Quelles sont les prochaines étapes?
Une dernière assemblée plénière est prévue en mars 2024, date à laquelle les États membres devraient se mettre d'accord sur le texte de la convention, qui devrait ensuite être adopté par le Comité des ministres en mai 2024.
Que dis AlgorithmWatch à ce propos ?
AlgorithmWatch participe actuellement aux négociations du CAI en tant qu'organisation observatrice active et officielle.
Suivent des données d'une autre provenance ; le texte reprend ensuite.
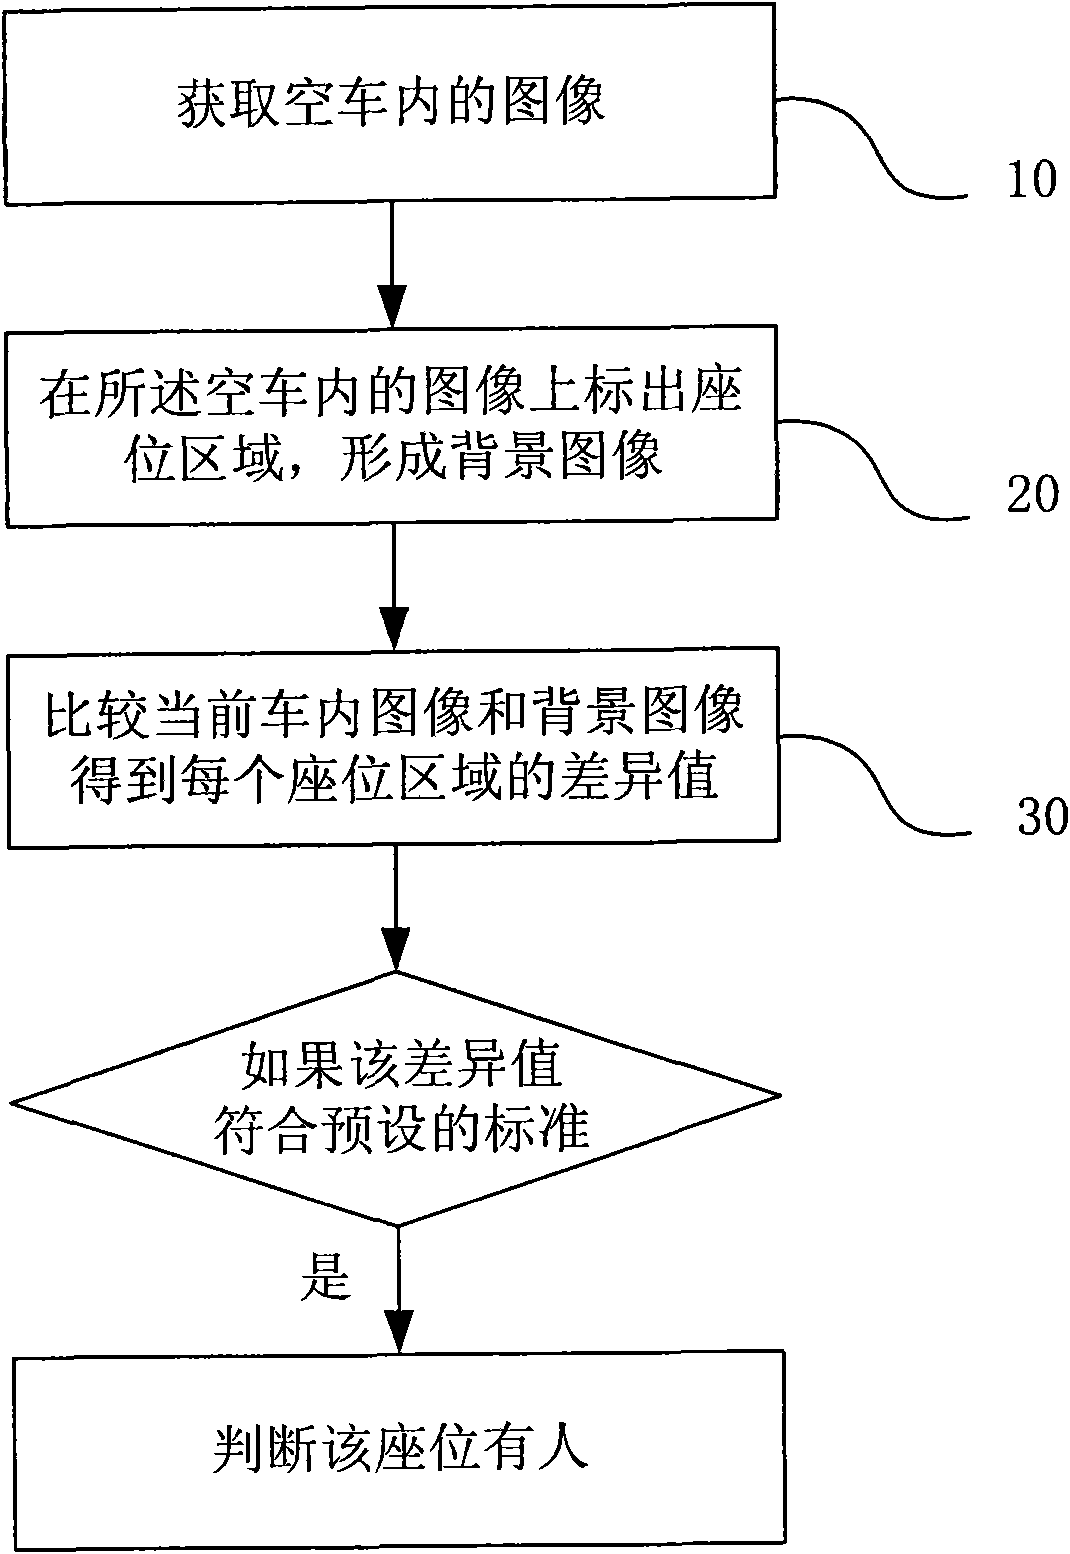 Method and system for counting number of people in car
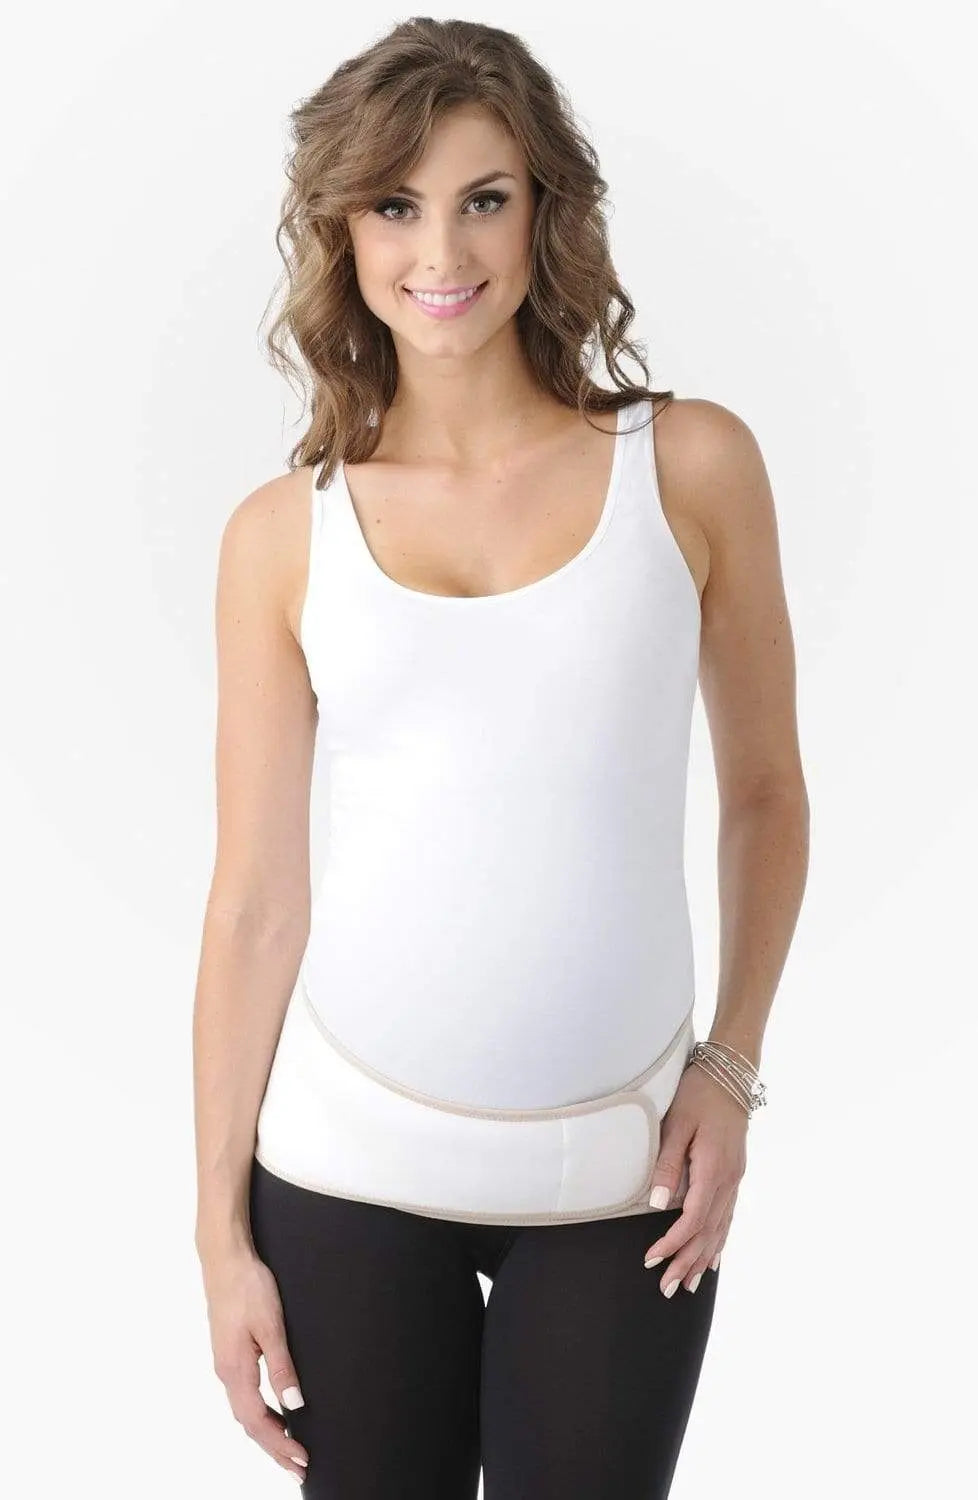 Belly Bandit Belly Pregnancy Support wrap by Belly Bandit Upsie

Auparavant, nous avons participé au CAHAI en tant qu'observateur officiel en 2020 et 2021. L'objectif de notre participation est de faire entendre la voix de la société civile dans les négociations et de veiller à ce que la convention sur l’IA soit réellement axée sur le mandat du Conseil de l'Europe : la protection de nos droits fondamentaux, de notre démocratie et de l'État de droit.
- Janvier 2024 : avec d'autres organisations de la société civile et des chercheur·e·s, nous appelons les États négociateurs à couvrir de la même manière le secteur public et le secteur privé et à rejeter les exceptions générales pour la sécurité nationale.
- Janvier 2023 : à l'occasion de la Journée internationale de la protection des données, nous appelons à la mise en place d'une convention efficace sur l'IA.
- Octobre 2022 : avec nos partenaires, nous appelons l'UE à ne pas retarder les négociations du Conseil de l'Europe sur la convention sur l'IA.
- Avril 2022 : lors de la réunion d'ouverture du CAI, nous avons clairement formulé nos principales revendications en collaboration avec nos organisations partenaires principales.
- Décembre 2021 : à la fin du mandat du CAHAI et après deux ans de travail intensif, nous craignions que les recommandations du CAHAI ne soient pas à la hauteur de ce qui est nécessaire pour garantir le plein respect et la protection des droits humains, de la démocratie et de l'État de droit.